### ASSIGNED TASK
Please transcribe the lines below exactly, and leave every image behind.

### SUPPLIED MATERIAL
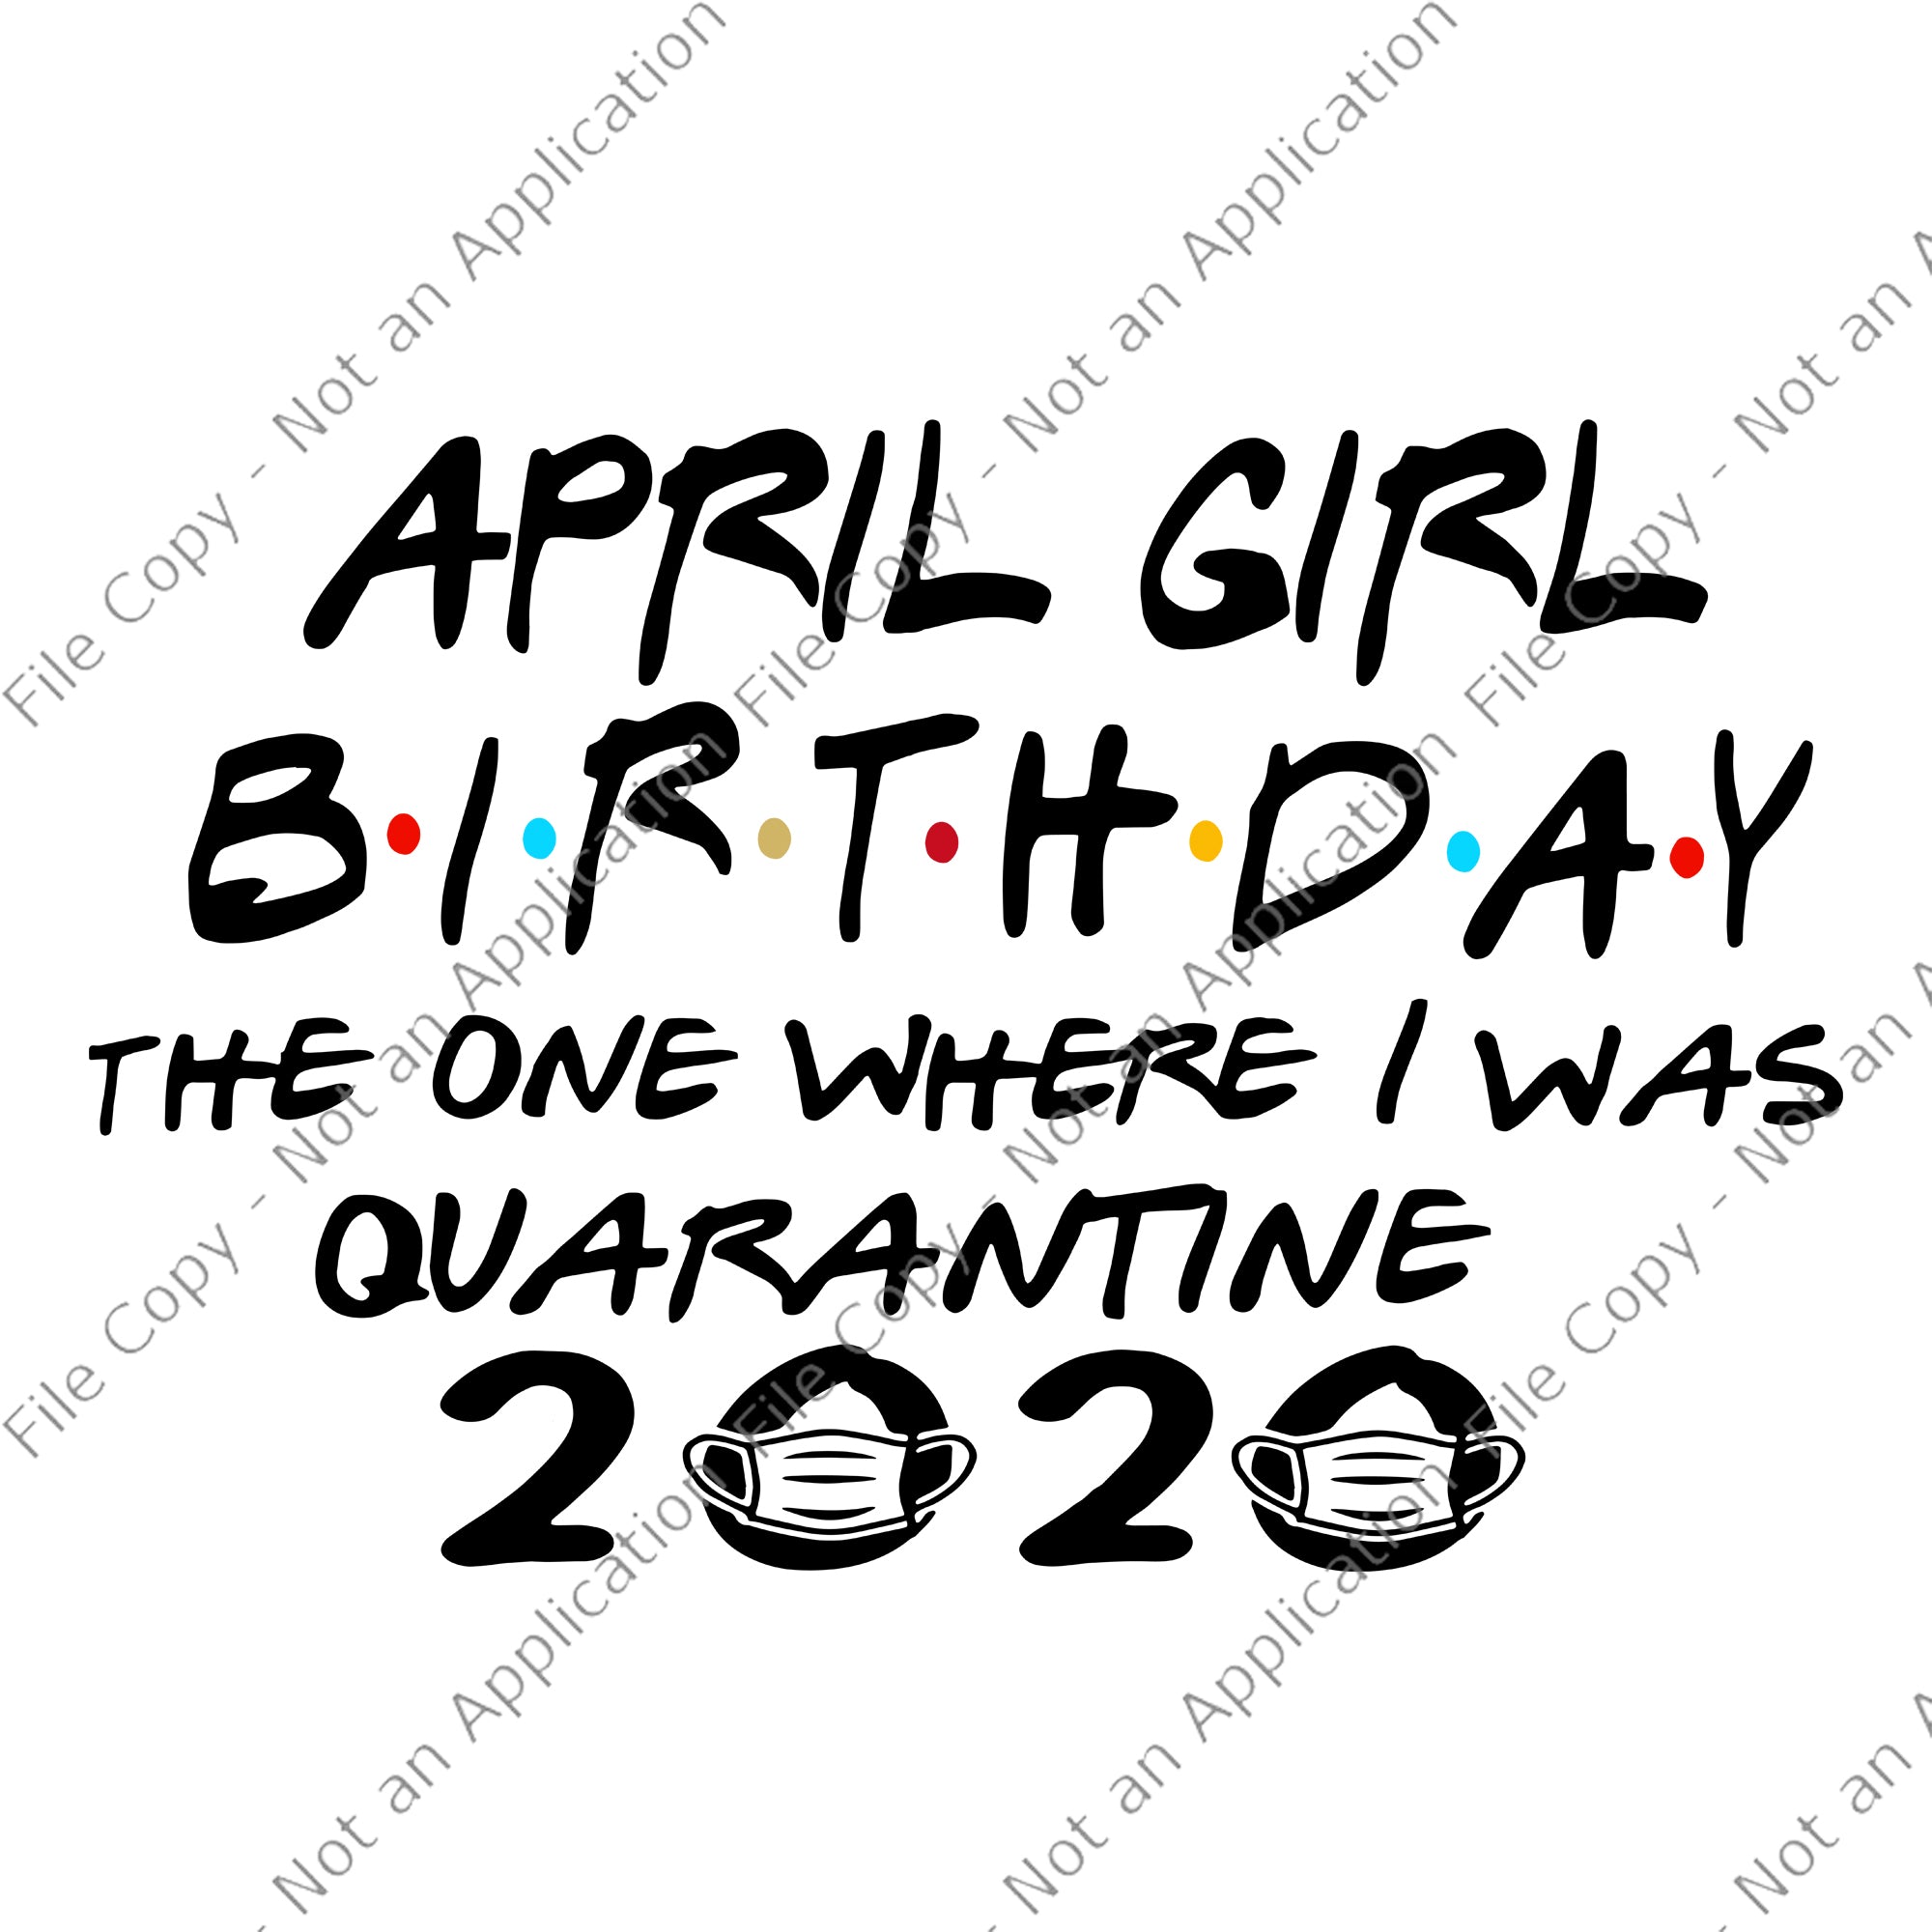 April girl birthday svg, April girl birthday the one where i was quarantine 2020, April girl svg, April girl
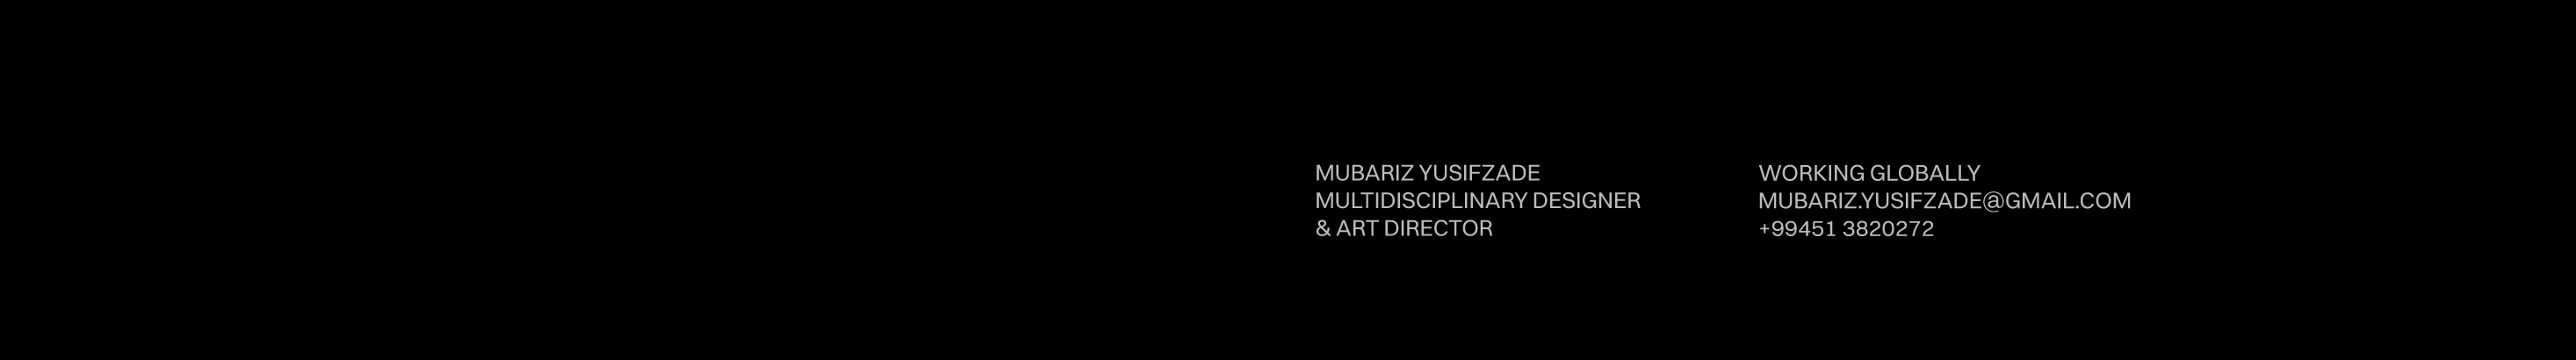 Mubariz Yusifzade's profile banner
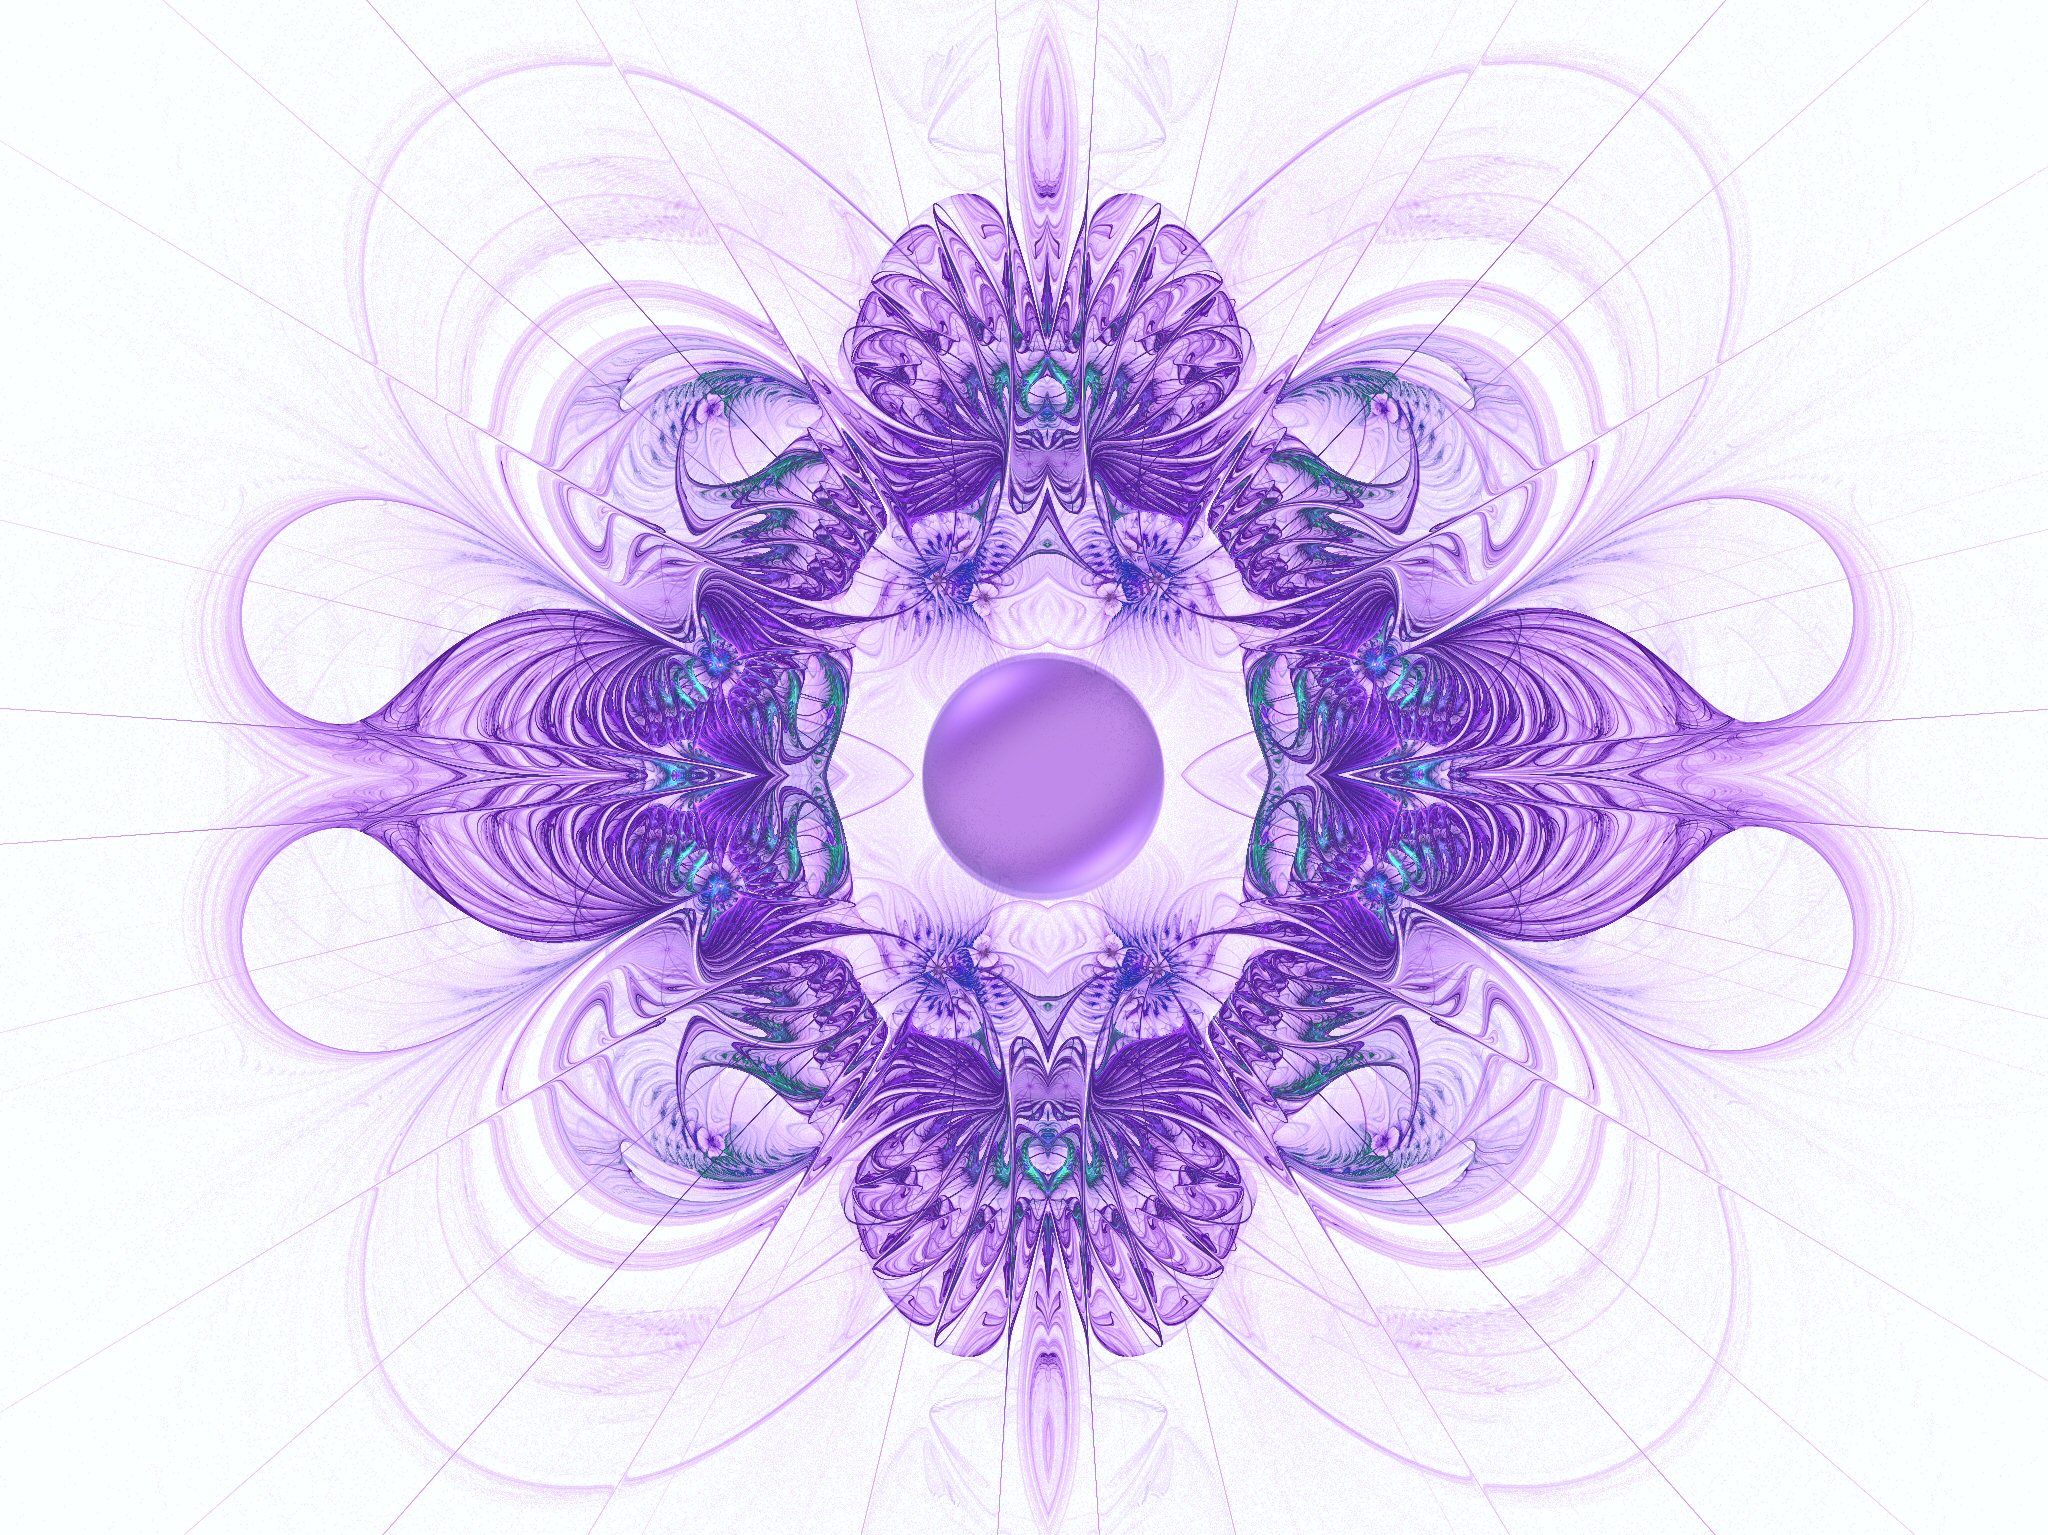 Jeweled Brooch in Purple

### EXPECTED OUTPUT
 April girl birthday svg, April girl birthday the one where i was quarantine 2020, April girl svg, April girl
 Mubariz Yusifzade's profile banner
 Jeweled Brooch in Purple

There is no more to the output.